Studio album by Franz Koglmann and Lee Konitz
- Released: 1995
- Recorded: June 6–9, 1994
- Studio: Tic-Music Studio, Achau, Austria
- Genre: Jazz
- Length: 56:25
- Label: HatART CD 6163
- Producer: Ulrich Kurth, Werner X. Uehlinger

Franz Koglmann chronology
| Annette (1992) | We Thought About Duke (1995) | Cantos I-IV (1995) |

Lee Konitz chronology
| Rhapsody II (1994) | We Thought About Duke (1994) | Haiku (1994) |

= We Thought About Duke =

We Thought About Duke is an album by trumpeter/flugelhornist Franz Koglmann and saxophonist Lee Konitz which was recorded in Austria in 1994 and released on the Swiss HatART label.

== Reception ==

The Allmusic review by Alex Henderson states: "predictability isn't a problem on We Thought About Duke, a cerebral post-bop date that trumpeter/flugelhornist Franz Koglmann co-led with alto sax master Lee Konitz.

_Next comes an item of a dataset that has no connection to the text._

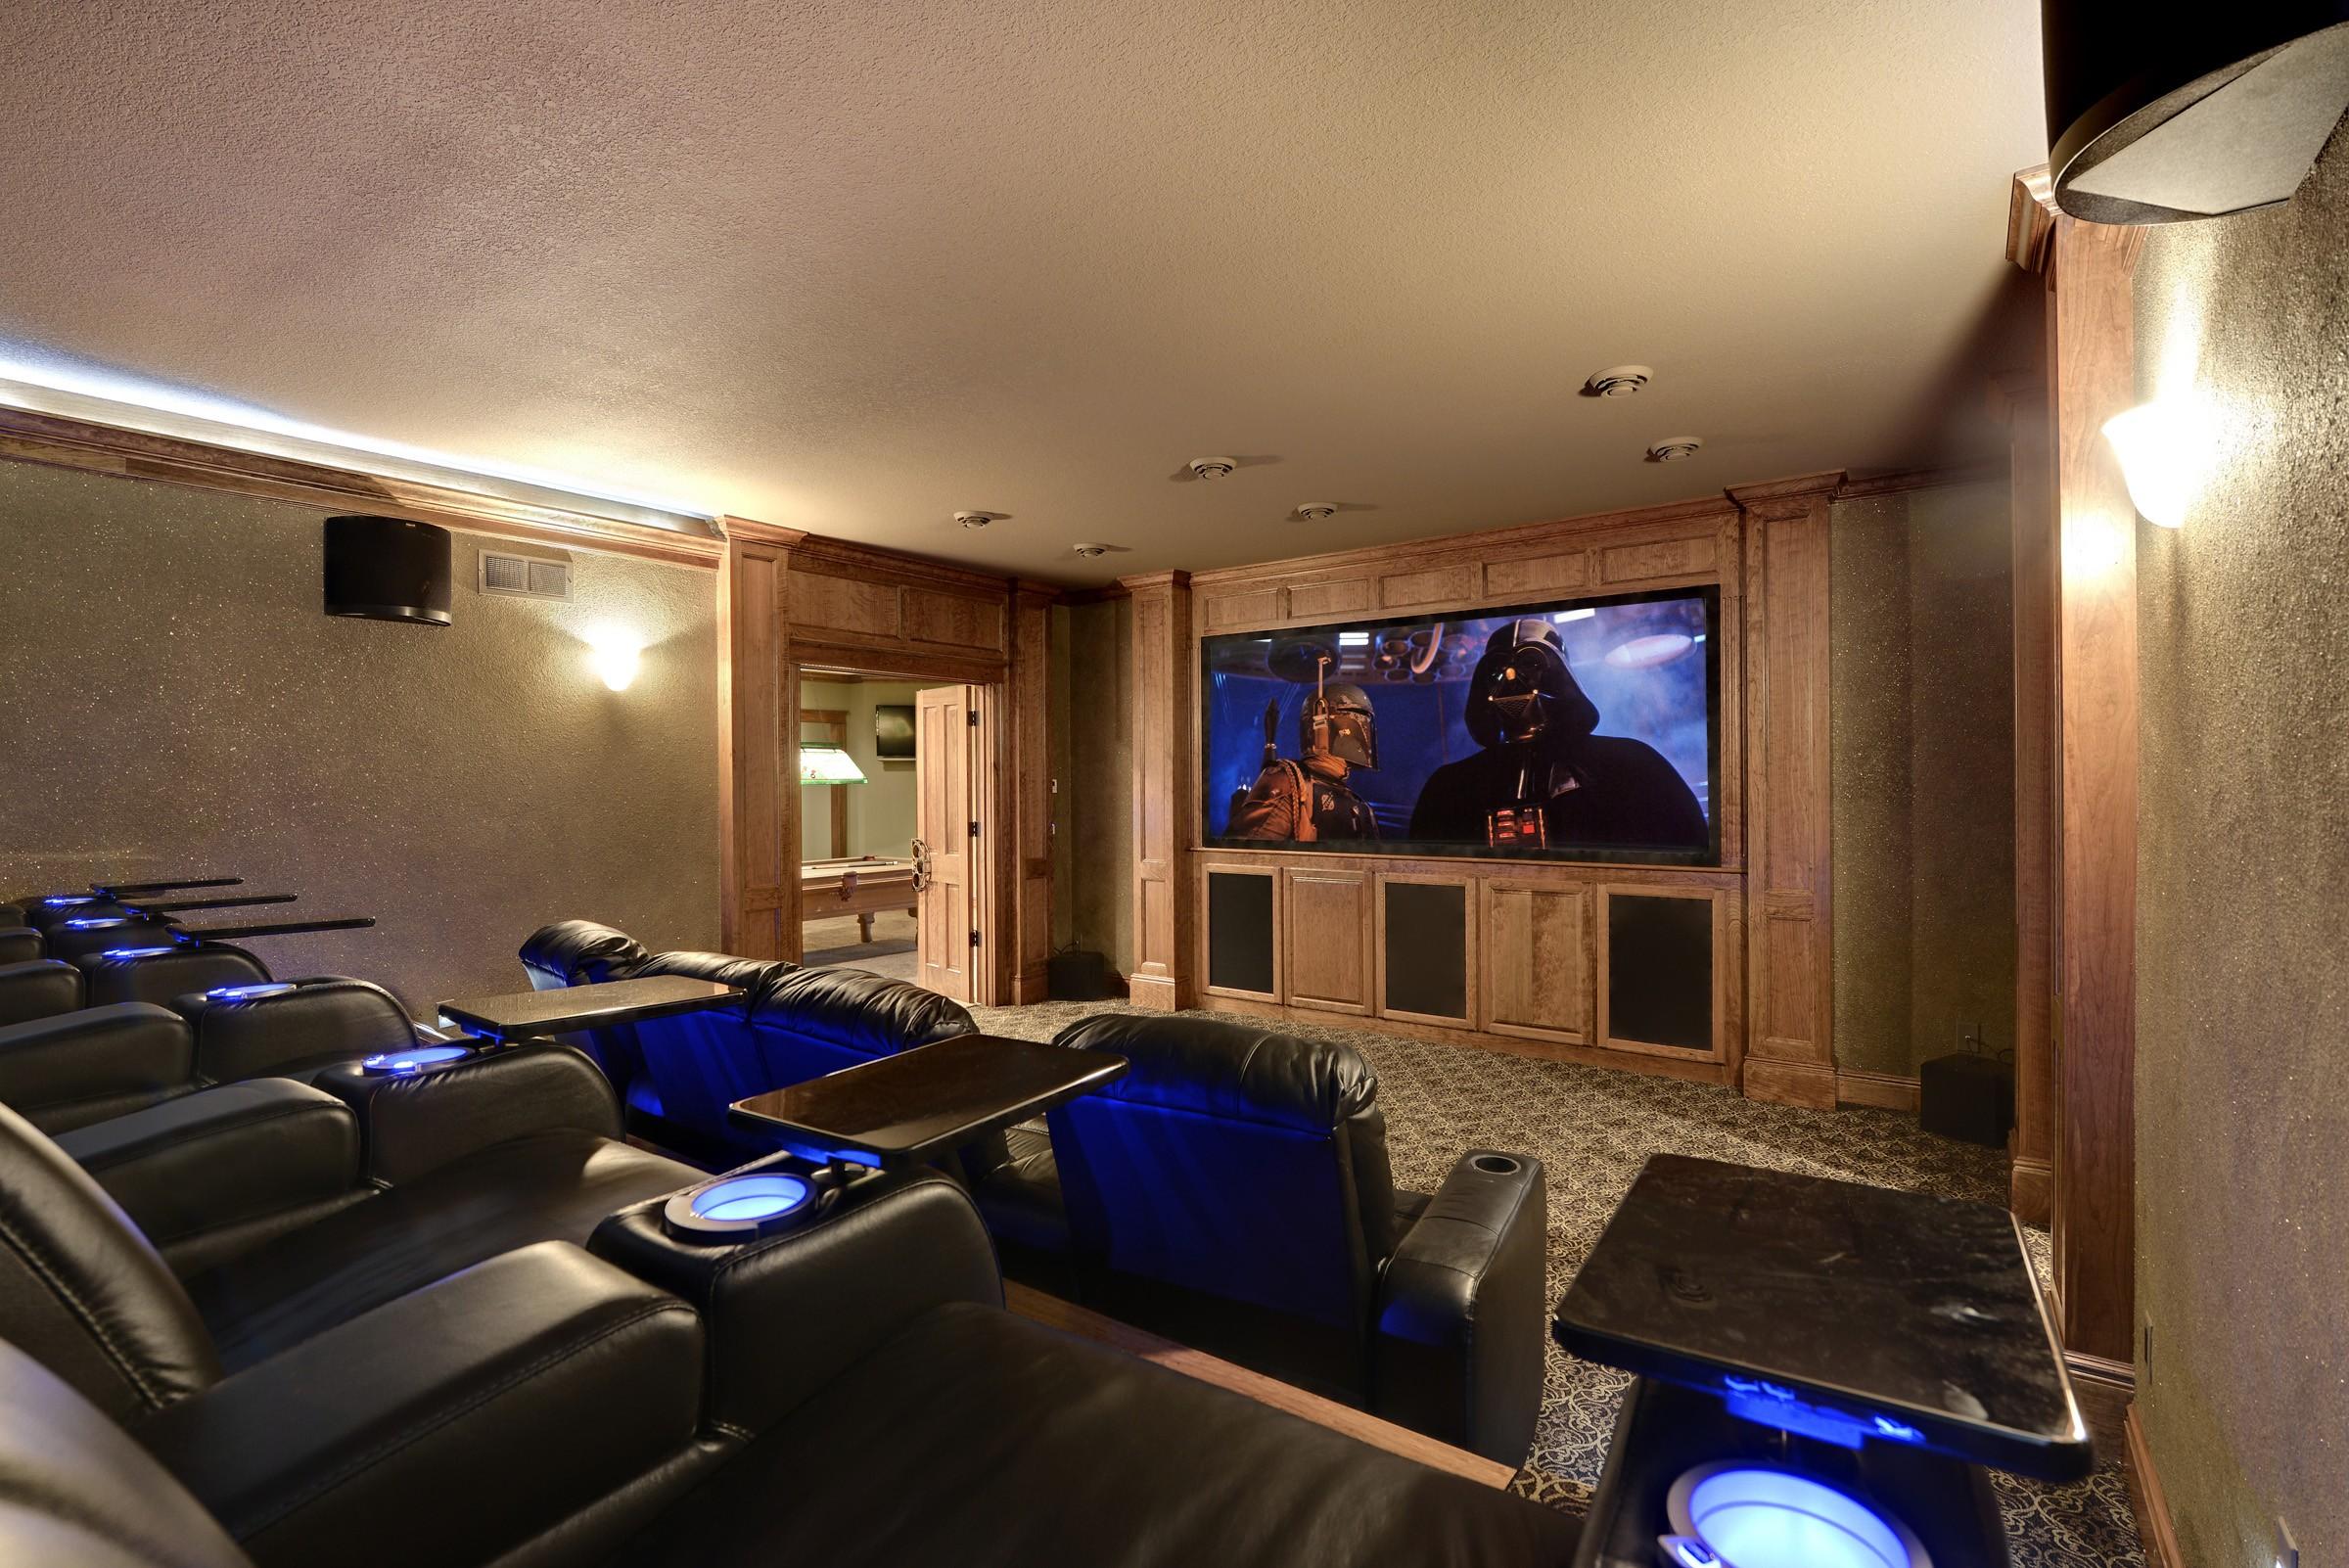 SLH Home Systems - Home Theater Installation - Minneapolis; St. Paul; Minnetonka; Wayzata; White Bear Lake; Minnesota

This is definitely one of the more daring Ellington tributes that came out of the '90s. Instead of inundating us with standards that we've heard time and time again ... Koglmann's arrangements have strong classical/chamber music leanings, and his admiration for Gil Evans is evident. For those seeking an Ellington tribute that is adventurous rather than conventional, We Thought About Duke is highly recommended".

Professional ratings
Review scores
| Source | Rating |
| Allmusic | Star |
| The Penguin Guide to Jazz Recordings | Star Half star |

== Track listing ==
1. "Lament for Javanette" (Duke Ellington, Billy Strayhorn, Barney Bigard) – 5:15
2. "Ko Ko" (Ellington) – 4:14
3. "Zweet Zurzday" (Ellington, Strayhorn) – 8:01
4. "Thoughts About Duke I" (Franz Koglmann) – 6:30
5. "Thoughts About Duke II" (Koglmann) – 4:34
6. "Love Is in My Heart" (Ellington) – 5:29
7. "Pyramid" (Juan Tizol) – 5:52
8. "Thoughts About Duke III" (Koglmann) – 4:33
9. "The Mooche" (Ellington, Irving Mills) – 5:49
10. "Dirge" (Strayhorn) – 6:08

== Personnel ==
- Franz Koglmann – trumpet, flugelhorn
- Lee Konitz – alto saxophone (tracks 1–3 & 5–10)
- Tony Coe – clarinet, tenor saxophone (tracks 1, 3, 5, 6 & 9)
- Burkhard Stangl – guitar (tracks 1, 3, 5, 6 & 9)
- Klaus Koch – bass (tracks 1, 3, 5, 6 & 9)
- Rudolf Ruschel – trombone (tracks 2, 4, 7, 8 & 10)
- Raoul Herget – tuba (tracks 2, 4, 7, 8 & 10)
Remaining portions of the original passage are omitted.